Hong Kong’s legislative council may have finally, officially withdrawn the Extradition Bill, but cannot pretend it can heal Hong Kong’s society, or wipe away the memory of this year’s protests
The Bill itself revealed score of deep-rooted problems which are intertwined with local and international factors that cannot be resolved by a single legislative act. People’s focus has been shifted onto those complex and fundamental issues at the heart of Hong Kong’s identity.
From a local perspective, a militant and reluctant government revealed the inconvenient truth of Hong Kong society since the handover – the lack of democracy. It explains the perpetual struggle of Hong Kongers every weekend since Carrie Lam repeatedly decreed the death and solemn retreat of the Extradition Bill over the last two months.
A huge number of Hong Kongers reckon that if we were given democracy after handover as promised in Basic Law, our mini constitution, the Bill would have been terminated after almost 1/3 of Hong Kongers expressed our opposition against it on the street few months ago.

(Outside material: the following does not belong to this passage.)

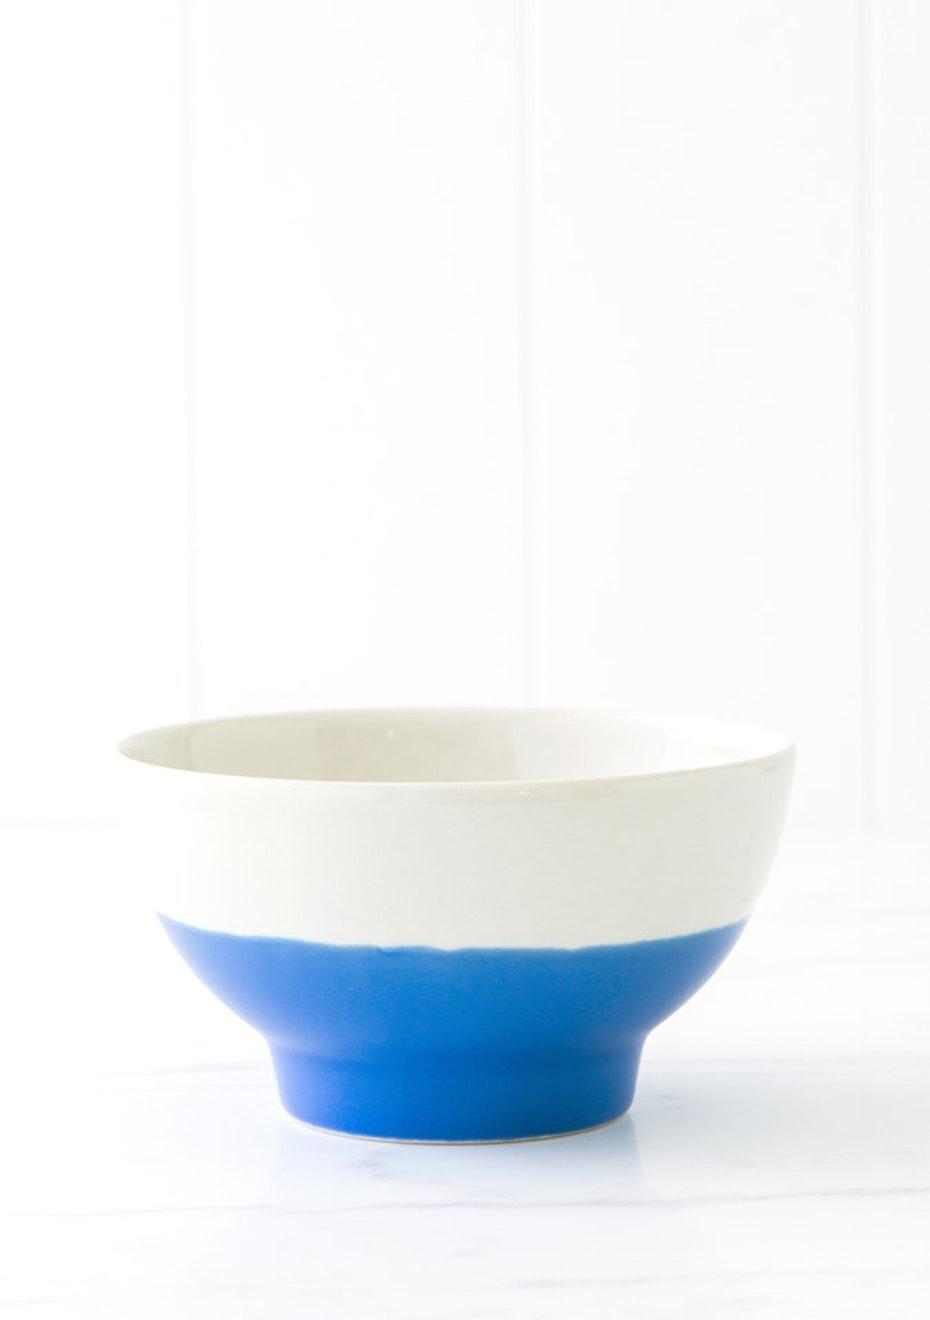 Nest - Tides Breakfast Bowl Sapphire

If we possessed a democratic government, then police brutality and the government’s apparent tolerance for triad members could have been avoided or at least subject to powerful scrutiny. All the issues derived from the anti-Extradition Bill movement are the consequences of an absence of democracy.
From the regional perspective, the extradition case at the heart of the debate has intensified discussion about Taiwan’s status. A Hong Kong man accused of murder in Taiwan served to highlight the tense arrangements between the three territories. China maintains an offer to Taiwan of the “one country, two systems” that has applied to Hong Kong since 1997, but President Tsai has noted that such an arrangement had left Hong Kong “on the edge of disorder”. Taiwan’s status, de-facto sovereignty and jurisdiction are more in play than they were.
From the international perspective, we can observe that China’s handling of the Hong Kong issues is exactly the same as in the extradition disputes around Huawei’s CFO Sabrina Meng, arrested in Canada and now facing extradition to the US.
In Meng’s case, two Canadians were detained as hostages in response. And it is widely believed that the detention of a British civil servant (since released) and two US citizens came as retribution for both countries’ stance on Hong Kong’s affairs. In our view, the international community is becoming disillusioned by countless examples of Chinese interference in Hong Kong and has realised that “one country, two systems” is far more fragile an idea than they hoped. In fact, it has been revealed as a menace to their business interests in Hong Kong.
This delayed official withdrawal of the Extradition Bill is not going to resolve Hong Kong’s problems All it ever did was unwrap the rotten essence at the core of Hong Kong politics. Fortunately, at the same time, we believe the international community has woken up to the idea that the spectre of Chinese involvement in the running of Hong Kong calls into question the trust needed to support their business or political interests in the city.
In the US, the Hong Kong Human Rights and Democracy Act is moving through the legislative procedure. If passed, it will enable the US to impose individual sanctions against Hong Kong officials who openly violate the universal values of human rights and democracy. The freezing of assets and bans on US entry will become possible and, crucially, it means no one can jeopardise human rights and democracy without the risk of consequences.
Now, we are trying to initiate similar acts in other sympathetic countries through active lobbying. We want to optimize such international coordination against the autocratic and inhuman Hong Kong government.
The UK, as a responsible member of the international community and our former metropole, could do far more. Britain could include human rights clauses in future trade deals with Hong Kong and China after Brexit, which would certainly strengthen British leverage in monitoring the implementation of Sino-British Joint Declaration which established Hong Kong’s status.
Furthermore, legalising an official mechanism that enables the UK to impose individual sanctions and to revoke the citizenship of those Hong Kong officials who prove to be inconsistent with core British values would serve to forestall the worsening Hong Kong business and political environment.
Let us stand for human rights and democracy with solidarity.